Less than a year after its launch, Sony is shipping a revised version of the PlayStation 5 in Australia, Japan, and the United States, with more regions to follow. At first, we quickly noticed it comes with a new stand design, but now we know it’s physically lighter than the original, and that might not be a good thing.

The upgraded PS5 is model “CFI-1102A,” and it’s 0.6 pounds lighter than the original PS5 from earlier this year. Unfortunately, the upgraded PS5 comes with a smaller heatsink, which means the newer console could run hotter and potentially perform worse in select games where the unit begins to overheat.

Sony PS5 new heatsink
Old (Left) vs New (Right) Austin Evans – YouTube

Popular YouTuber Austin Evans ripped open the “upgraded” PS5 model CFI-1102A and shared the image posted above. As you can see, the heatsink overall is a bit smaller, redesigned, and doesn’t have the same gold plating on the underside.

For those wondering, heatsinks are metal fins designed to cool down the processor, similar to a radiator in a car. Gamers typically upgrade the heatsink in their PC to a bigger option for improved thermals, not a smaller one.

Austin goes on to confirm the new heatsink unit is 300 grams, or roughly 0.6 pounds lighter. Furthermore, he found that the new PS5 ran anywhere from 3-5 degrees Celsius warmer than the original PS5. Even worse, that’s Celsius, not Fahrenheit. And with the PS5, you want all the cooling you can get.

For what it’s worth, Sony did redesign the entire heatsink, so there is a chance it performs just as well, and the difference in temps may vary for other reasons, like routing heat away from crucial components, not to mention change based on manufacturing inconsistencies. Additionally, Evans only checked a Digital Edition version of the PS5, and for now, we’re not sure if this change also applies to the disc drive model.

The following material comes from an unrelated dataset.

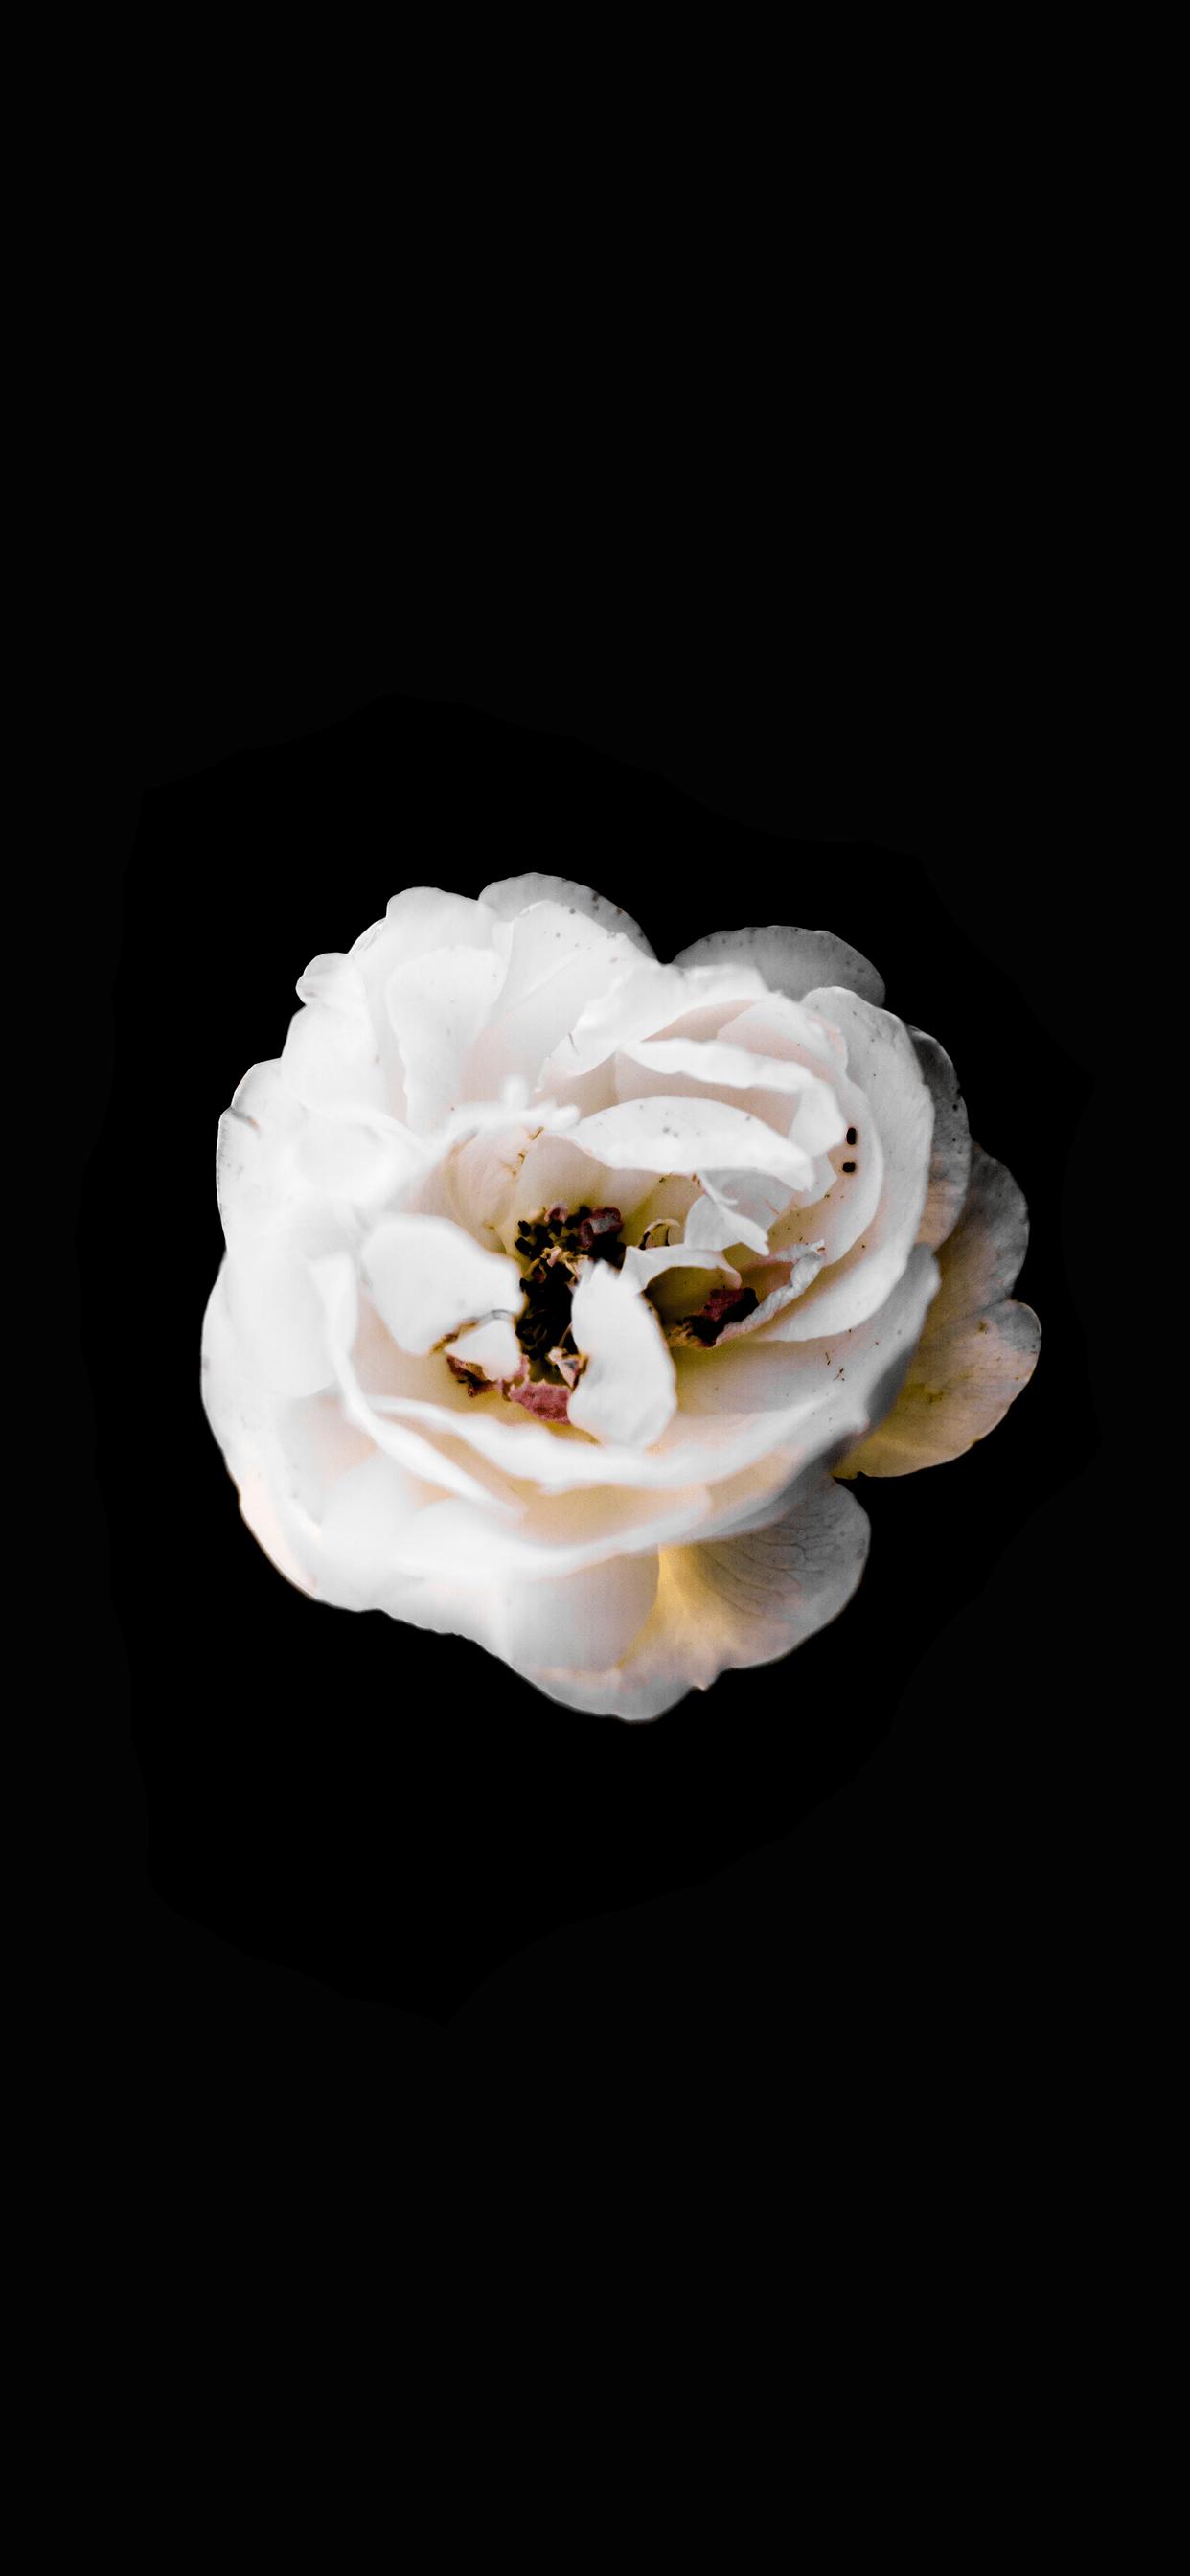 iPhone wallpaper black background flower Black

He concludes the video by suggesting the original heavier PS5 will have better performance and better cooling, which is the one he’ll continue to use. That said, we’ll have to wait for an official statement by Sony or more information before we know for sure. Either way, the PS5 is still an excellent console, so once you get yours, use this link to get six months of Apple TV Plus free with your PlayStation.

Source YouTube via The Verge

Cory Gunther Cory Gunther
Based in Las Vegas, Cory Gunther has been writing about phones, Android, cars, and technology in general for over a decade. He’s a freelance writer for Review Geek covering roundups, apps, and news. He's previously written for GottaBeMobile, SlashGear, AndroidCentral, and TechRadar, and he’s written over 6,000 articles. Read Full Bio »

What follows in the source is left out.